Cosmetics Registration in

USA

Regulatory Authority:

US Food and Drug Administration

Link for RA:

https://www.fda.gov/cosmetics

Local regulation:

U.S. Food, Drug, and Cosmetic Act (FD&C Act)

Who can register : 

  • Manufacturers
  • Distributors
  • Packers

Data to be communicated :

To complete Form 2512, the following information is required: 

  • Labeller information 
  • Information from the manufacturer
  • Information about the packer
  • Indicate whether the filed product is already available in the United States.
  • Information on the product
    • Select product category
    • Choose a product category.
    • Code of the product
    • Name of a brand or a specific product
    • Website for the product
    • Label photos should be uploaded.
  • Ingredient Information 
    • You have the option of entering a CAS/ VCRP code number or a common, everyday chemical name.
  • Authorised individual name

Process: 

Declaration of the Ingredients in Cosmetic Products (CPIS). 

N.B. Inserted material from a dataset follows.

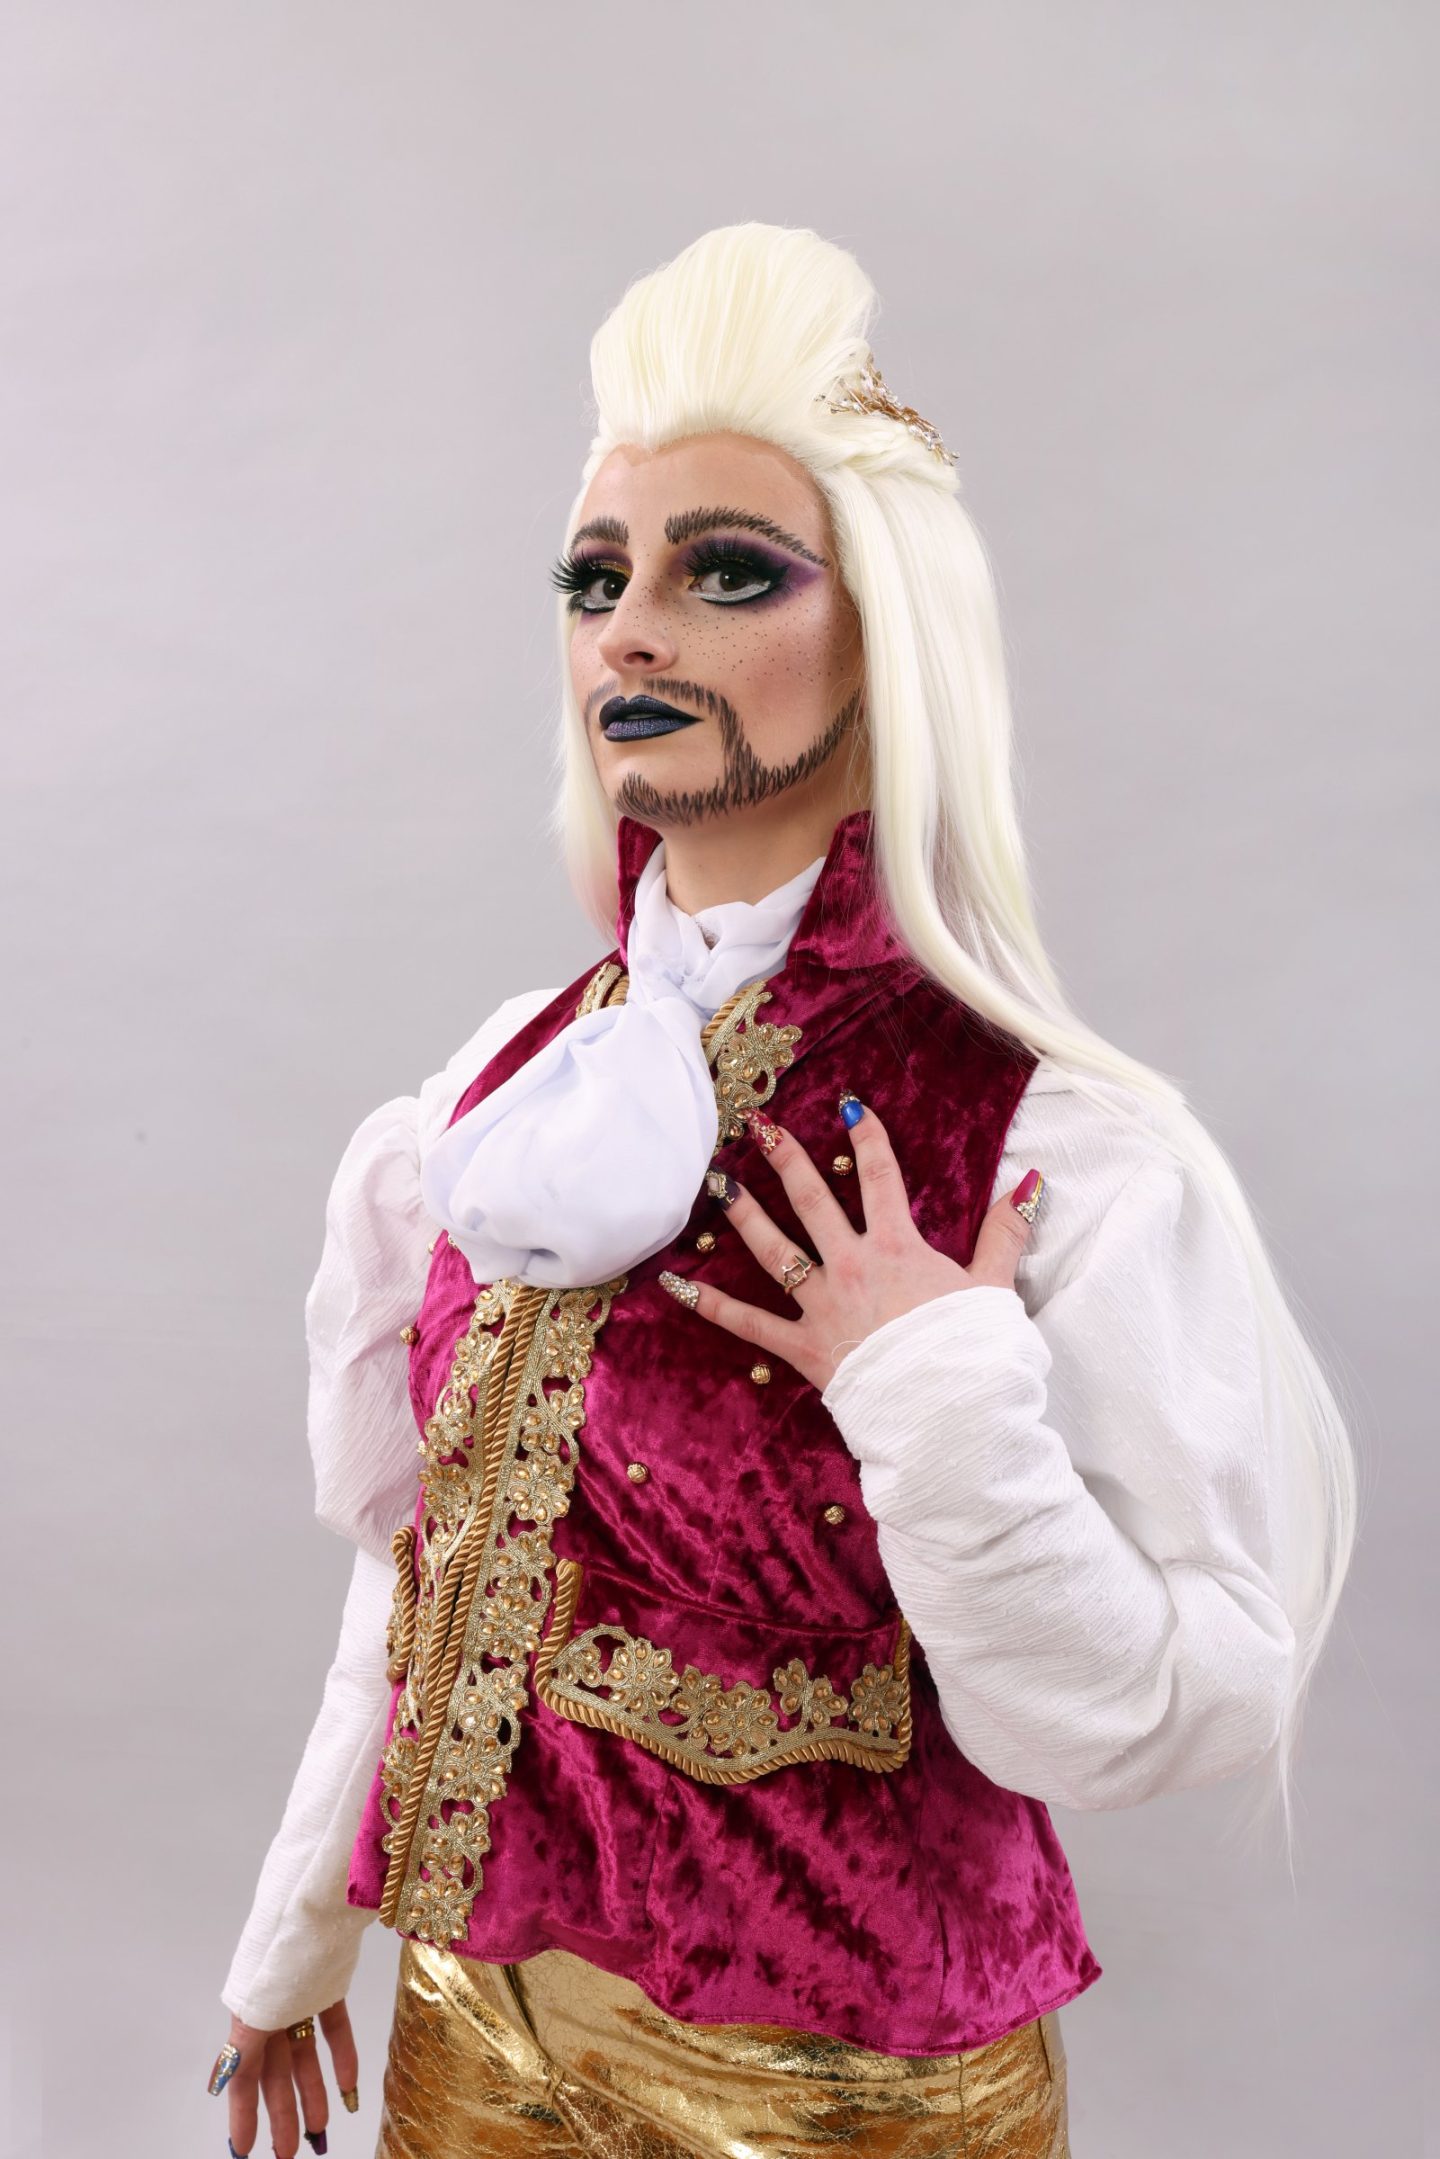 Dare De LaFemme wearing his magenta and gold embellished waistcoat, with white shirt and cravatte. He looks off camera with captivating expression.

A cosmetics manufacturer, packer, or distributor can submit a statement for each product commercially distributed in the United States. For each formulation, use a separate FDA 2512 form. (You’ll need Form FDA 2512 and Form FDA 2512a if you’re utilising printed documents.) The FDA assigns each formulation filed in the VCRP a CPIS number.

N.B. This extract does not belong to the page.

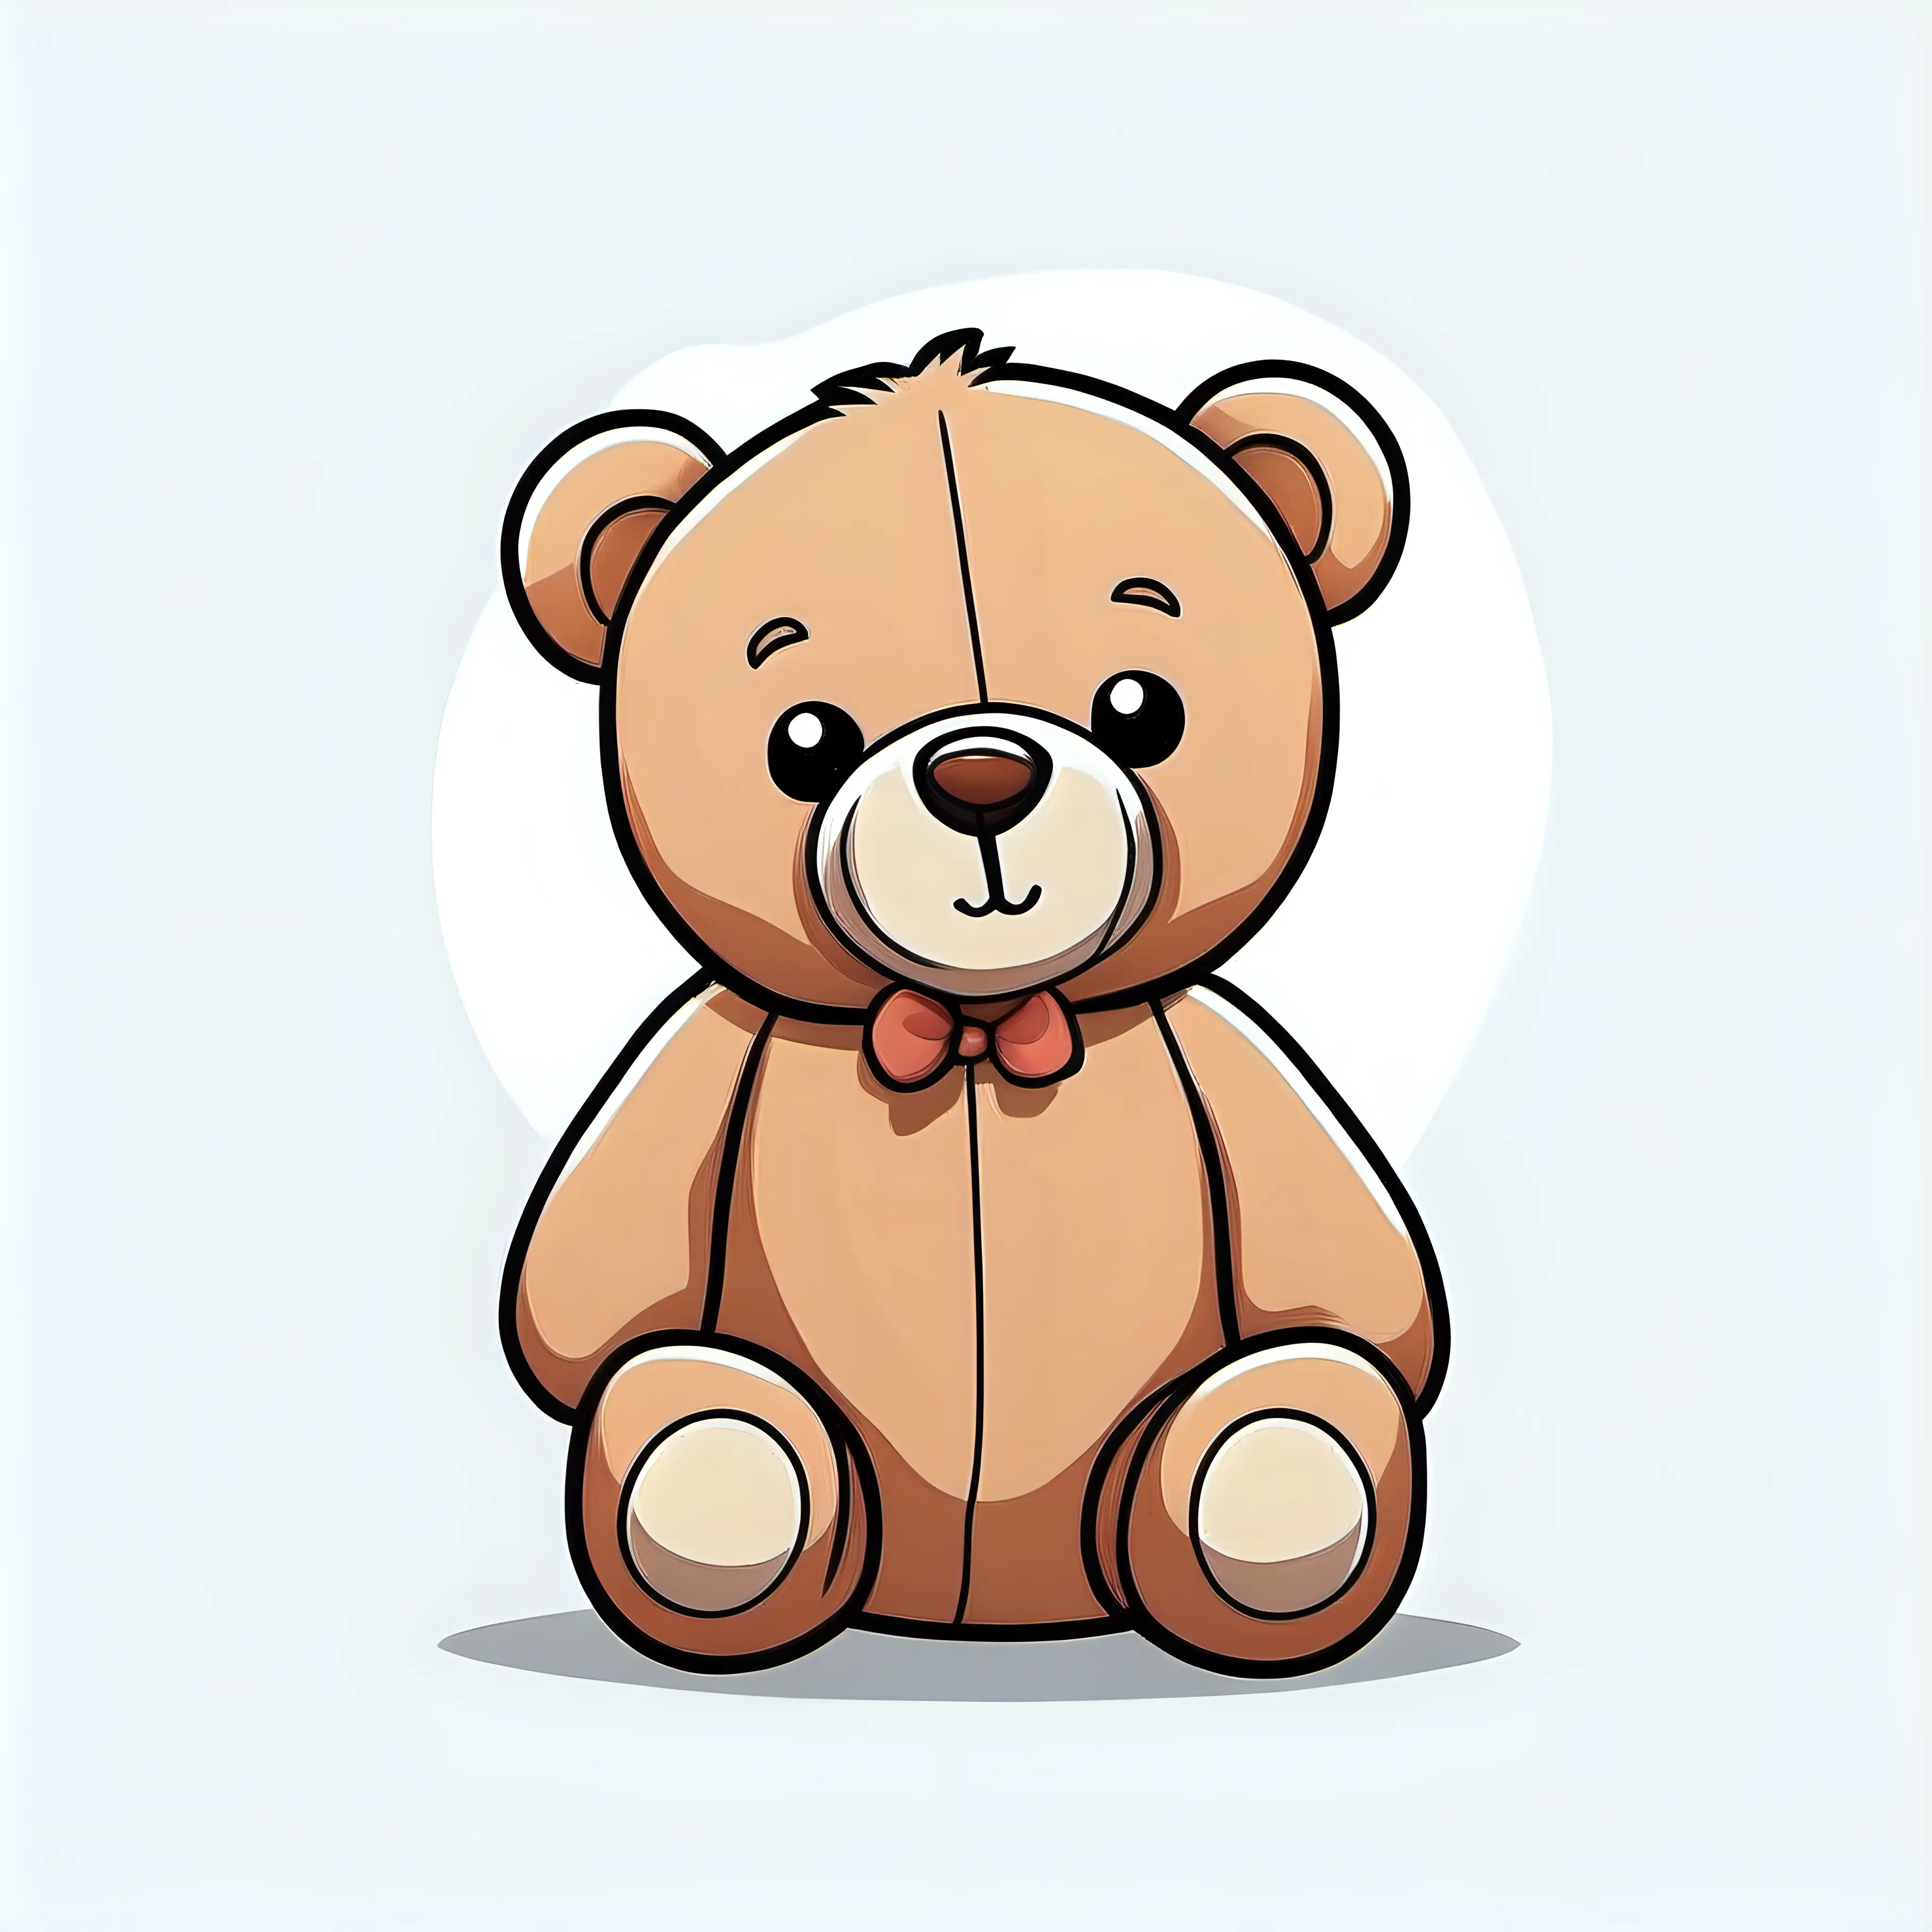 Adorable Cartoon Teddy Bear with Heavy Outline on Aesthetic White Background

Making changes to a product’s formulation or discontinuing it. 

Form FDA 2512 and continuation Form FDA 2512a can change or terminate a CPIS. Within 60 days of the product’s commercial distribution, changes to the brand name or ingredients must be submitted. You should stop using a CPIS within 180 days of learning about the end of retail distribution.

Timeframe and fees: 

Additional information:  

The FDA is responsible for cosmetic labelling under the Federal Food, Drug, and Cosmetic Act (FD&C Act) and the Fair Packaging and Labelling Act (FPLA). Pre-market approval of cosmetic product labelling is not possible since the FDA lacks the resources and authority required by law. The manufacturer and distributor must ensure that products are properly labelled. Failure to adhere to labelling regulations may result in a misbranded product. All information on the labels must be written in English.